Against this backdrop, the Women's Bureau staff organized the quest for equal pay legislation in the new Congress. The outgoing Eisenhower administration, which for eight years had supported equal pay bills in vain, again submitted a proposal before Kennedy's inauguration. Immediately after, Peterson arranged for meetings with Democratic congresswomen, representatives of organized labor, and the members of the National Committee on Equal Pay to review the legislative situation.[4] The retirement of Graham Barden, the unfriendly chairman of the House Education and Labor Committee, made the situation much more tractable: his replacement, Adam Clayton Powell, Jr., a black Democrat from New York, favored the bill.

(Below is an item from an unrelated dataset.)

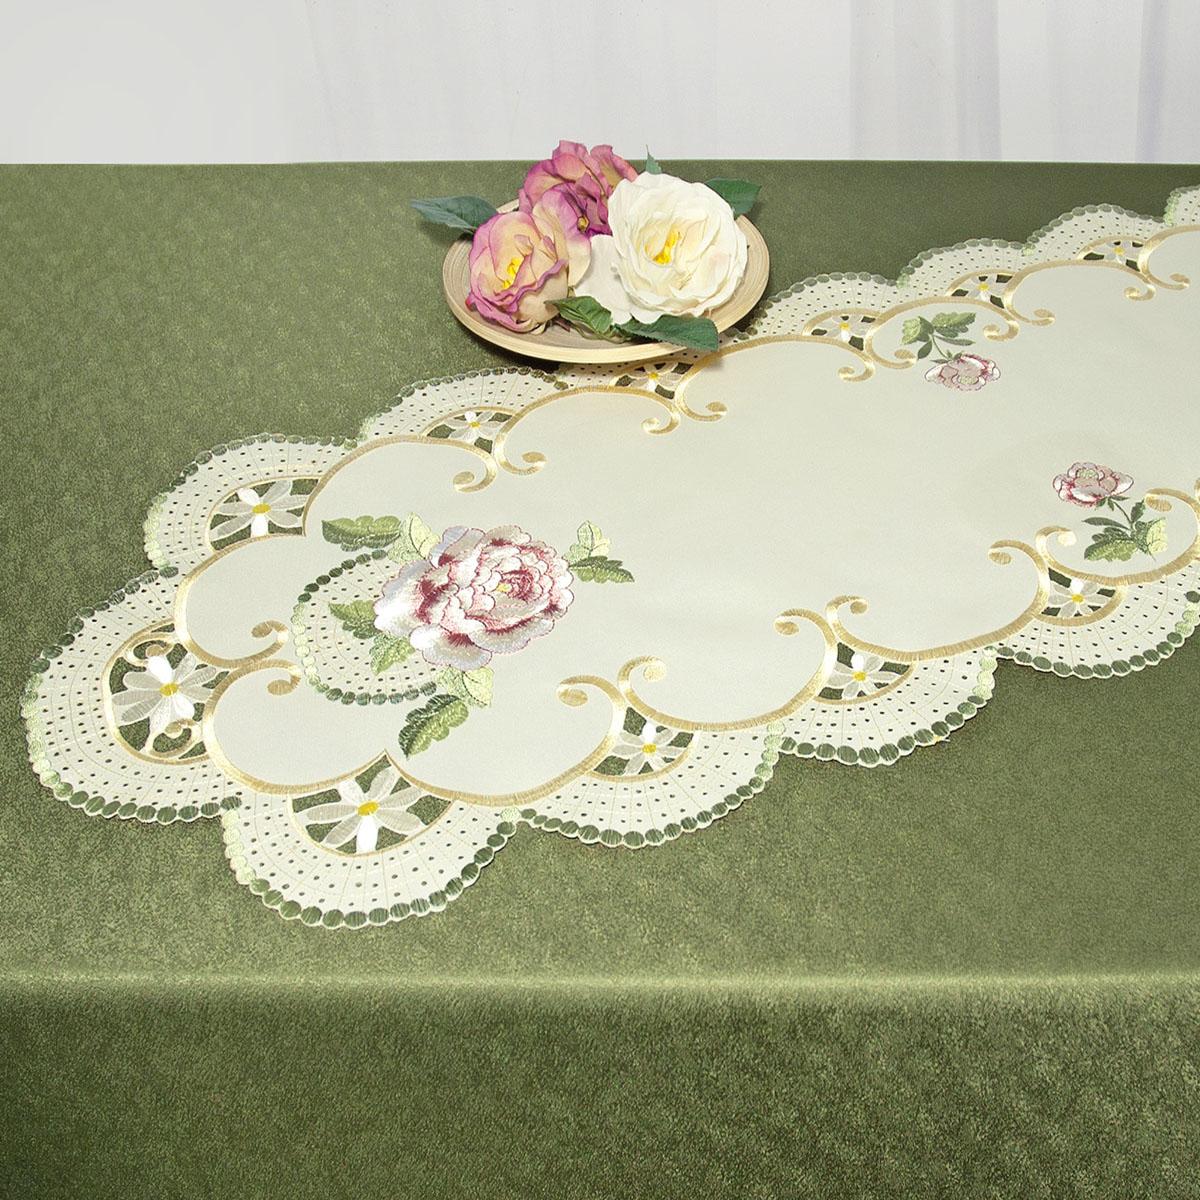 Дорожка для декорирования стола Schaefer, овальная, цвет: бежевый, зеленый, 40 x 110 см 07484-23307484-233Дорожка Schaefer выполнена из высококачественного полиэстера и и украшена вышитыми рисунками в виде цветов. Края дорожки оформлены в технике ришелье. Вы можете использовать дорожку для декорирования стола, комода или журнального столика. Благодаря такой дорожке вы защитите поверхность мебели от воды, пятен и механических воздействий, а также создадите атмосферу уюта и домашнего тепла в интерьере вашей квартиры. Изделия из искусственных волокон легко стирать: они не мнутся, не садятся и быстро сохнут, они более долговечны, чем изделия из натуральных волокон. Изысканный текстиль от немецкой компании Schaefer - это красота, стиль и уют в вашем доме. Дорожка органично впишется в интерьер любого помещения, а оригинальный дизайн удовлетворит даже самый изысканный вкус. Дарите себе и близким красоту каждый день!
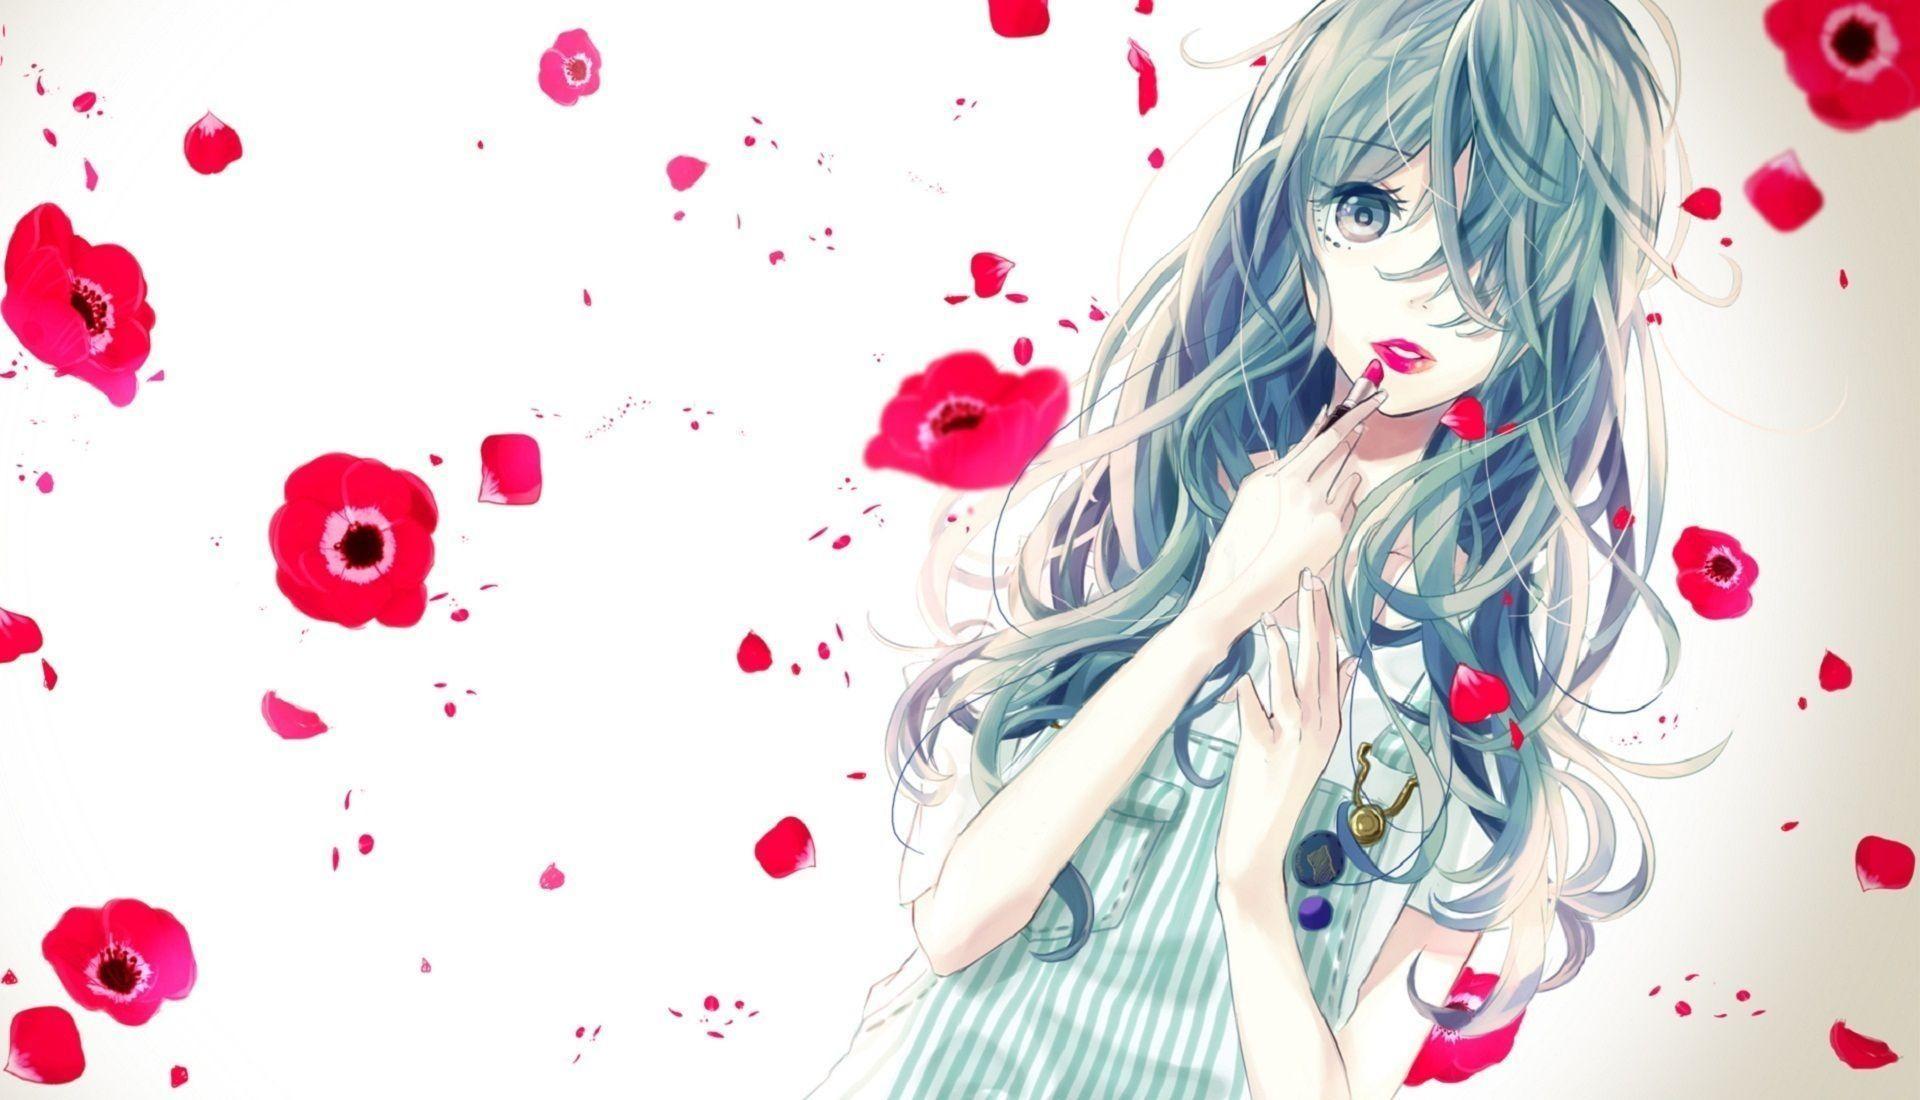 Kawaii Anime wallpapers - HD wallpaper

As before, the conflicts about the measure focused on two items: the coverage of employees and the mode of enforcement. Several Democratic congresswomen, including Edith Green (D-Oreg.), had introduced bills modeled on the broad coverage of the National Labor Relations Act (which applied to industries "affecting" interstate commerce). These bills granted enforcement authority to the secretary of labor. Two Republican legislators, Jessica Weis and Katharine St. George (both from New York), had introduced bills modeled on the narrower Fair Labor Standards Act (FLSA, which covered employers "engaged in" interstate commerce). Their proposals provided for judicial enforcement. The AFL-CIO had cleared the Green bill before its introduction, and equal pay advocates within the Department of Labor initially wanted the administration to support it as well, a course of action urged by experienced staffers to eliminate the problem of competing bills.[5]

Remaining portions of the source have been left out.